On the other hand, since the first report of optically detected magnetic resonance on the single diamond nitrogen-vacancy (NV) center occurred in 1997 [27], NV centers have been considered as an excellent candidate for quantum information processing because of its extremely long electronic spin decoherence time even at room temperature [28–38]. Recently, a combination of NV centers and high-Q WGM microcavities which represents a promising solid-state CQED system has attracted much attention [39–47]. This composite system combines the advantages of NV centers and WGM microcavities. Therefore, this CQED system has been applied in many fields about quantum information processing (QIP). For instance, Xiao et al. proposed a scheme for producing the NOON state in a hybrid photonic-plasmonic resonant structure which consists of *N* identical metal nanoparticle (MNP) and a WGM microcavity [48]. Recently, Chen et al. investigated the entanglement generation between two quantum dots (QDs) through the scattering of the surface plasmons (SPs) in a metal nanowire [49] and a metal nanoring resonator [50]. They showed that the interference between the incident and scattered SP in the resonator with asymmetric couplings to QDs could lead to interesting concurrence dynamics. Yang et al. proposed two schemes to prepare the W state and Bell state with separate NV centers in the diamond nanocrystal-WGM-microsphere system by virtue of Raman transition with the cavity field virtually excited, dark state evolution and adiabatic passage, which is tolerant to ambient noise and experimental parameter fluctuations [51, 52].
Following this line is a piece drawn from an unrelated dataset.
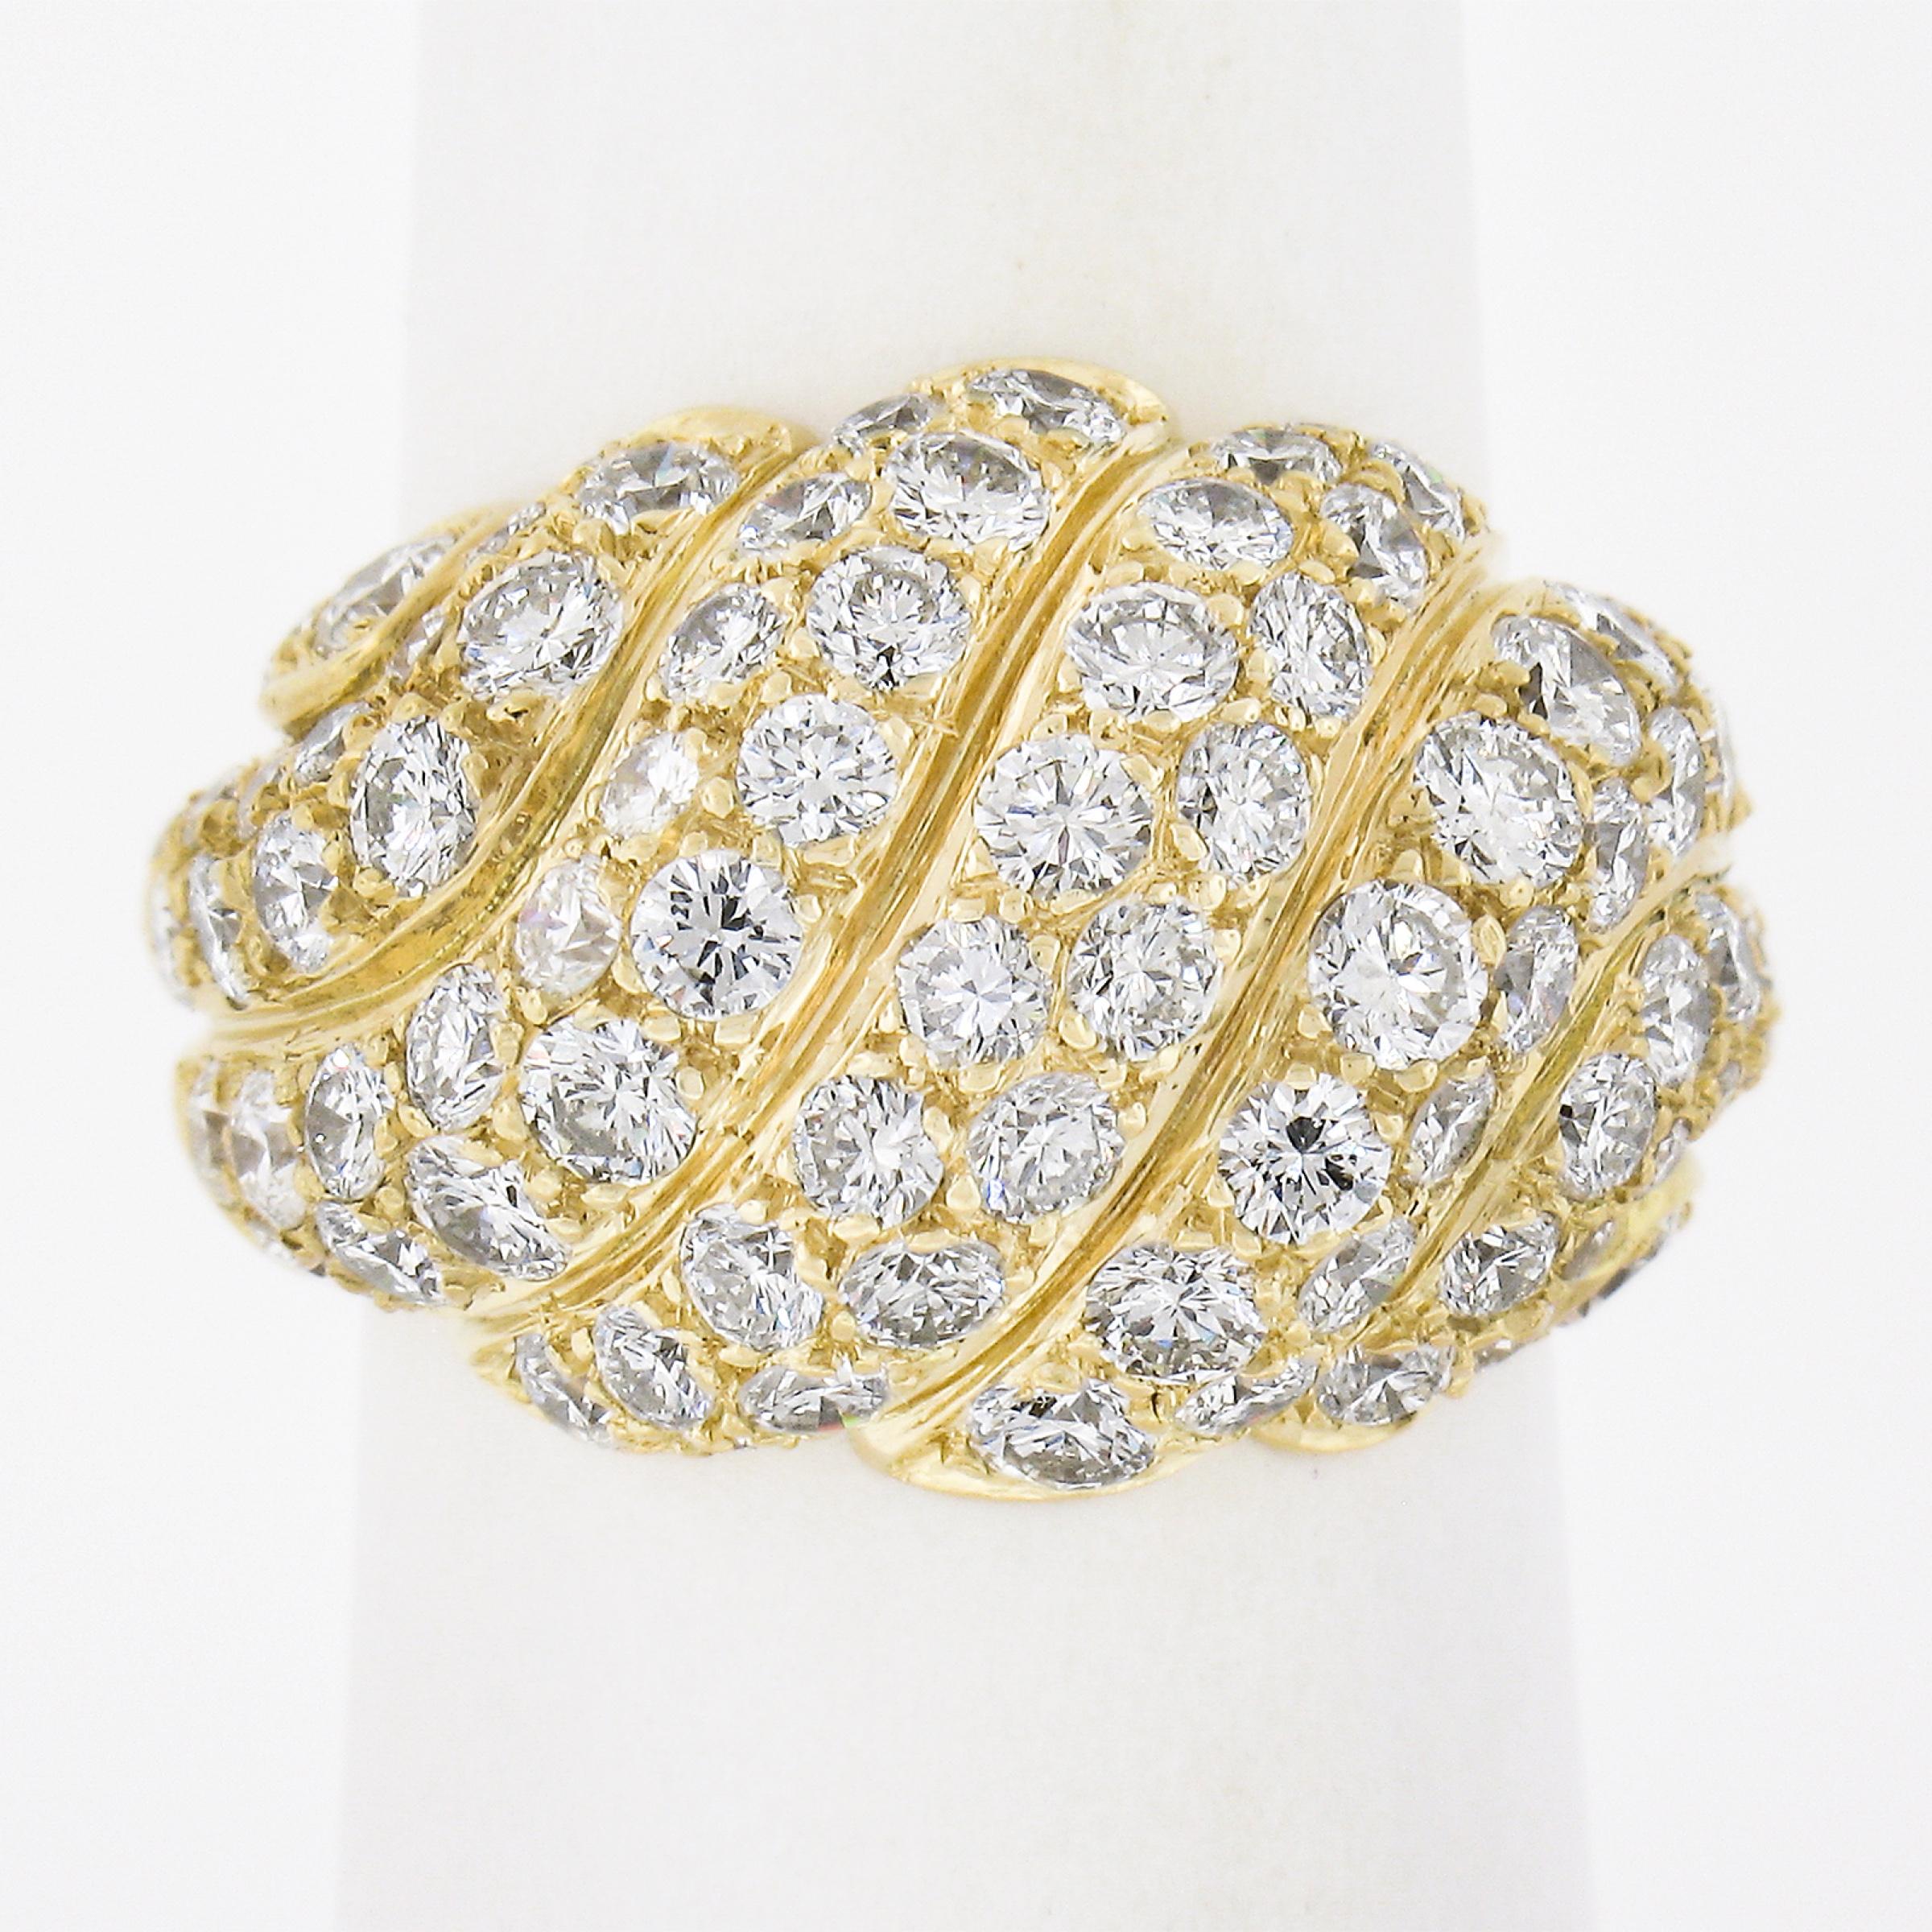 The French are truly perfectionists - This ring is no different. It is perfect! Perfect materials - solid luscious 18k yellow gold, colorless loupe clean ideal curt diamonds and magnificent design and workmanship to bring everything together! This
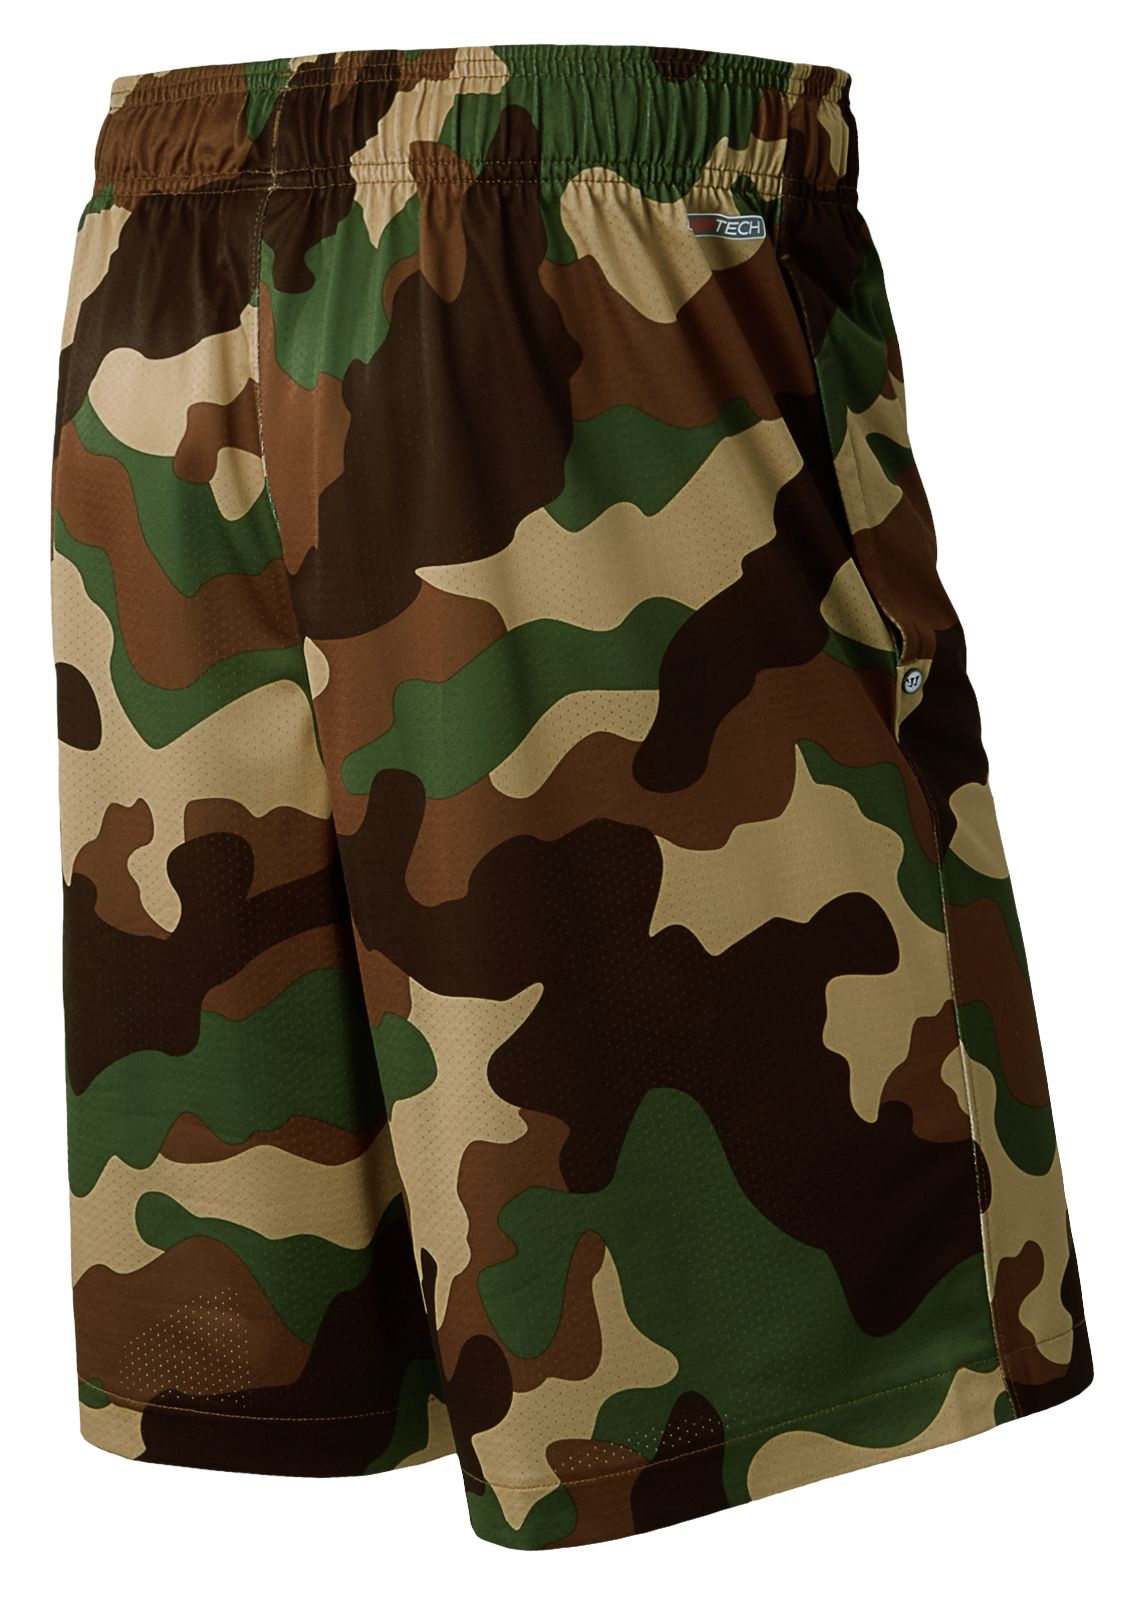 Camo Short, Green with Brown & Light Brown image number 0

Based on these achievements, we study the interaction of twin cw and ccw WGMs of the microtoroidal resonator with two NV centers in a diamond nanocrystal. Using the microscopic master equation approach, we calculate the concurrence *C* for investigating the degree and dynamics of entanglement. We look into the influences of the coupling strength *g* between WGMs (or the radius *R* of the two spherical NV centers because of *g* ∝ *R*^{3}[53]), the detuning Δ between the NV center and microresonator, the distance *d* between two NV centers (or the phase *ϕ* because of *ϕ* = *kd* with *k* being the wave vector), and the initial state *ρ*(0) of the coupled system on the degree and dynamics of entanglement. It is shown that the maximum entanglement between the two NV centers can be achieved at appropriate times through adjusting these controllable system parameters. The interacting systems may serve as a platform to generate quantum entanglement between the two NV centers.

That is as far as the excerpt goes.